New subdivision (d) does not change the important duty of litigants and their lawyers to file an appeal record promptly.  The duty has been part of our law since soon after statehood.  Hathaway v. Smith, 3 Ark. 248 (1841).  Rule 5s record-filing deadlines remain in full force.  Ark. R. App. P.–Civil 5(a). Achieving finality in litigation as soon as possible is important for litigants and our courts.  Subdivision (d) does not alter litigants’ option to dismiss any appeal by joint stipulation in the circuit court before a record is filed with the appellate court.  Ark. R. App. P.–Civil 3(b).  Nor does the new provision alter the right of any party to file a partial record and seek dismissal of the appeal on any basis allowed by law.  Ark. R. App.
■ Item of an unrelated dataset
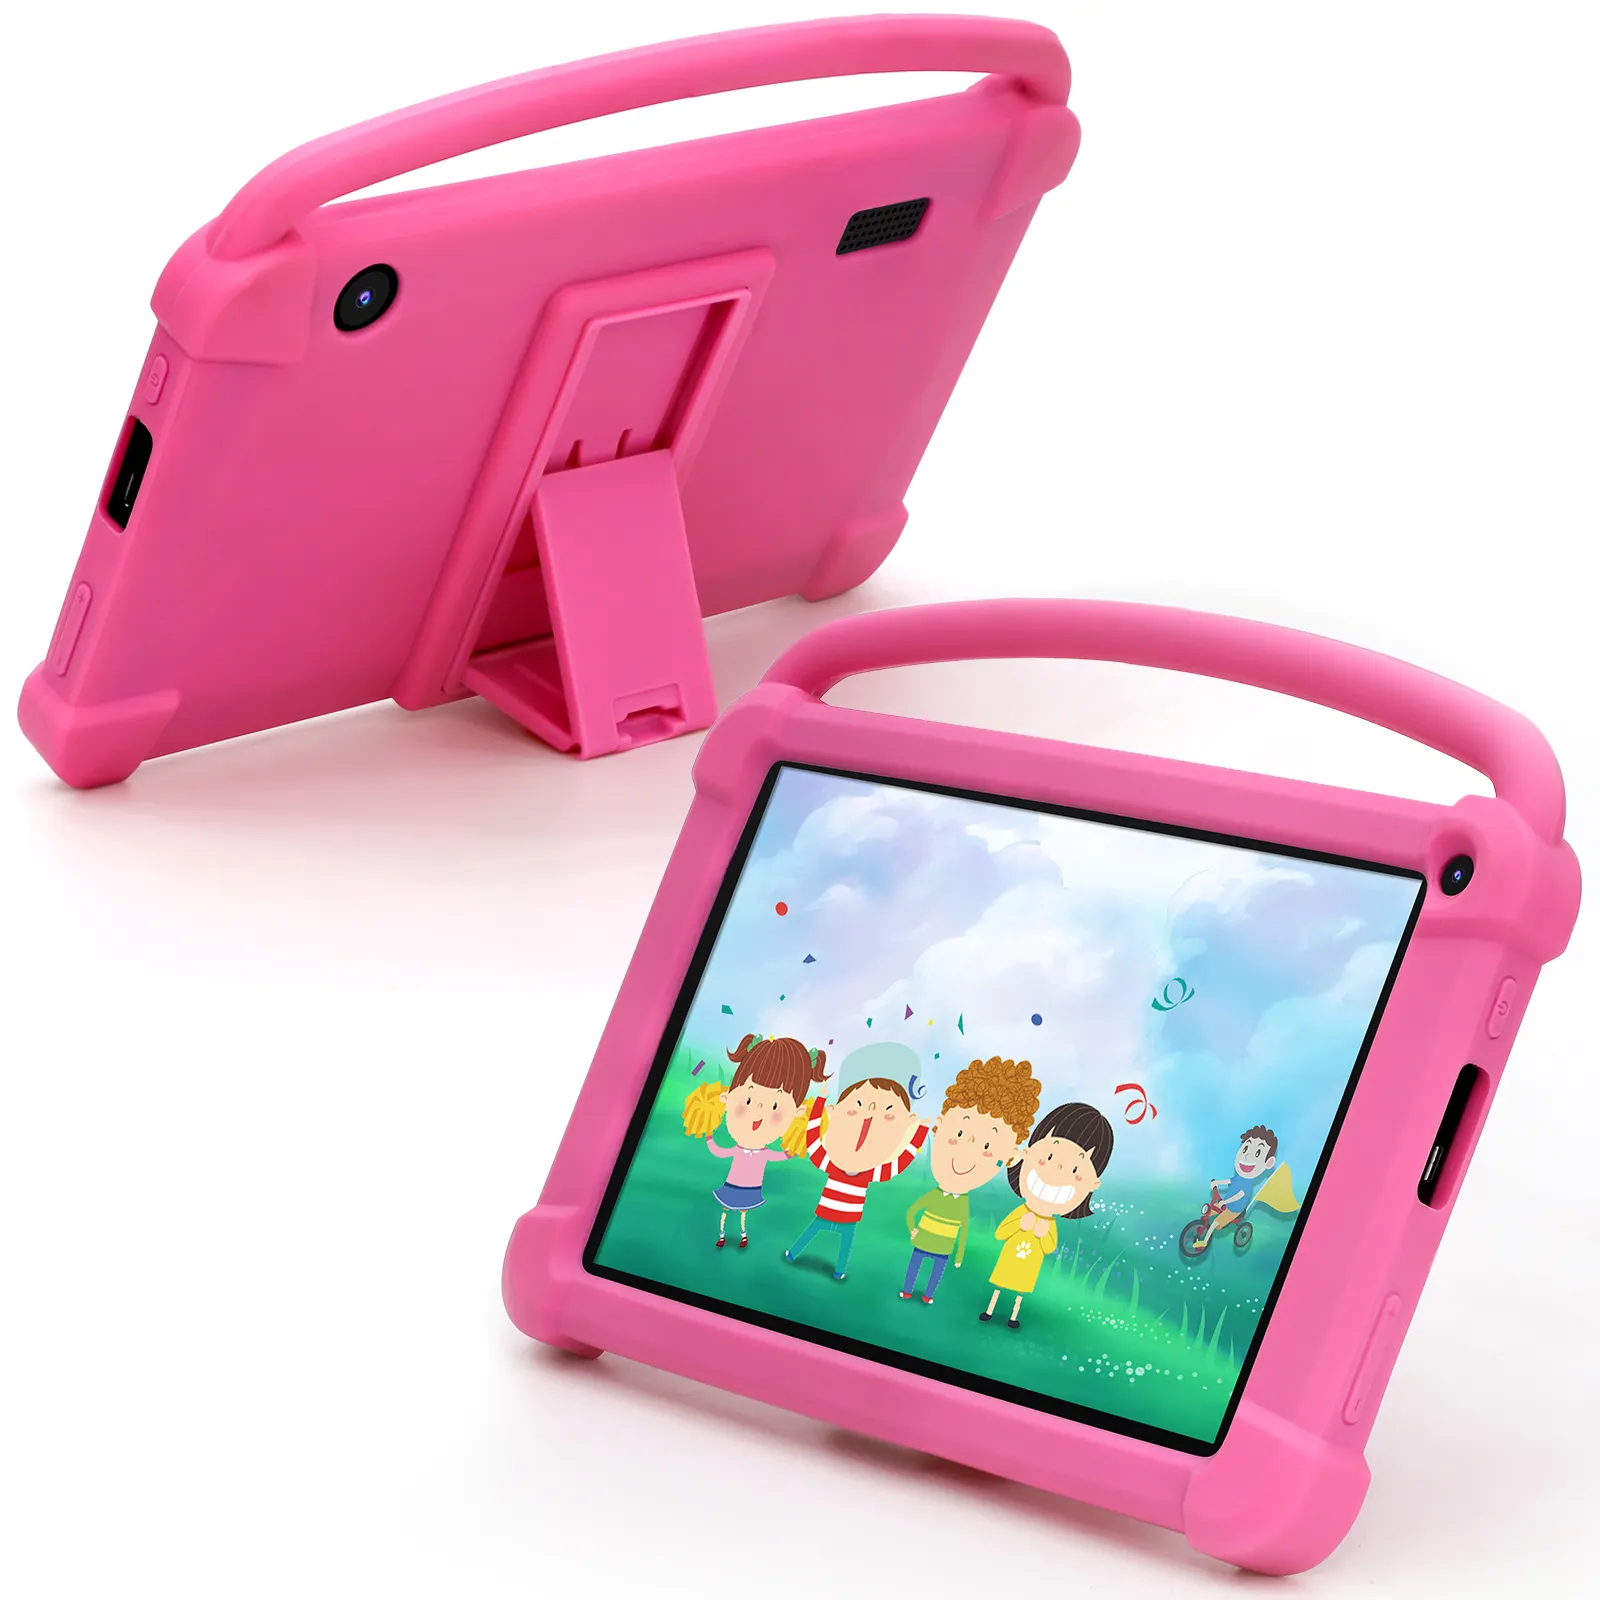 New 2 + 32GB Android 12 trẻ em Tablet PC với USB Loại C sạc giao diện điện dung màn hình trường hợp giáo dục sản xuất Spreadtrum

P.–Civil 5(c).

 

Subdivision (d)’s requirement of a verified statement by counsel or the pro se litigant explaining the delay will enable our appellate courts to address late-record cases efficiently and fairly.  The court can inform its discretion with material considerations, such as the reason for the late filing, the length of the delay, and any prejudice to opposing parties.  As is routinely done in criminal appeals now, the court may refer counsel to the Committee on Professional Conduct.  Pursuant to Rule 3, moreover, the appellate court may dismiss an appeal in egregious circumstances.  Except in those circumstances, however, any penalty for a late record will be borne by counsel rather than by the litigant through loss of the party’s appeal rights.